Plaintiff and defence lawyers agreed the one-year mediation backlog at FSCO was unacceptable, but disagreed on possible solutions.

Orlando suggested looking at both section 280(3) of the Insurance Act and Rule 13 of the Dispute Resolution Practice Code. The Rule provides that mediation must be concluded within 60 days of filing the application for mediation. He said standard practice is that FSCO sends counsel a form and the mediation is adjourned on consent, whether counsel responds to the form or not. If counsel doesn’t agree to an adjournment of the mediation, “you can take the position that the mediation has failed if it hasn’t been conducted within 60 days and then simply file your Statement of Claim and let the judge decide whether or not you needed to wait the additional 10 months to have your mediation heard,” Orlando said.

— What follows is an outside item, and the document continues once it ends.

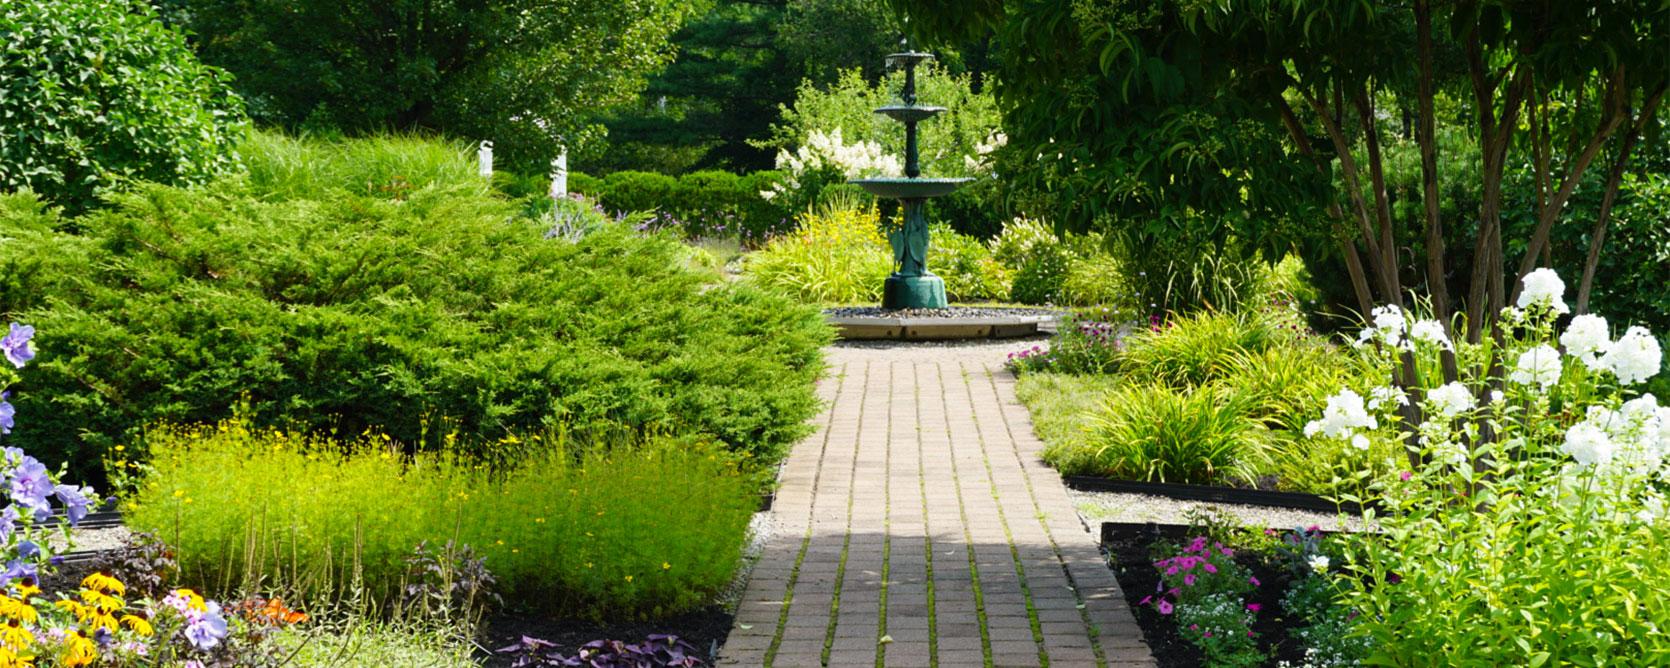 The Gardens at Pineland Farms - Pineland Farms, Inc

“I personally think that the FSCO mediation process is dead, thank God,” said seminar co-chair and plaintiffs’ personal injury lawyer Roger Oatley of Oatley Vigmond LLP. It was one of the worst “failures that’s screwed up insurers and insureds alike and the government and FSCO did nothing about it des
pite us pleading with them,” Oatley said. “And now that there’s this 60-day process pretty much accepted, we just issue a Statement of Claim in the Superior Court on an issue or you can arbitrate if you want. But we don’t arbitrate anything in our office.”

Grossman said insurers’ lawyers are governed by their clients’ instructions on this issue. He did not agree the approach proposed by Orlando and Oatley is universally accepted.

The Insurance Act provides that mediation is a mandatory step to be taken, Grossman said. It’s within the insured’s rights to seek a mandatory order if they want to get a mediation happening, compelling FSCO to appoint a mediator within the time frames, although those remedies haven’t been widely pursued, Grossman said.

“There are cases when you actually put the parties together, they can get the issues resolved,” Grossman said.

Oatley agreed, and added, “Justice delayed is justice denied.”

Who says that plaintiff and defence lawyers can’t agree on anything?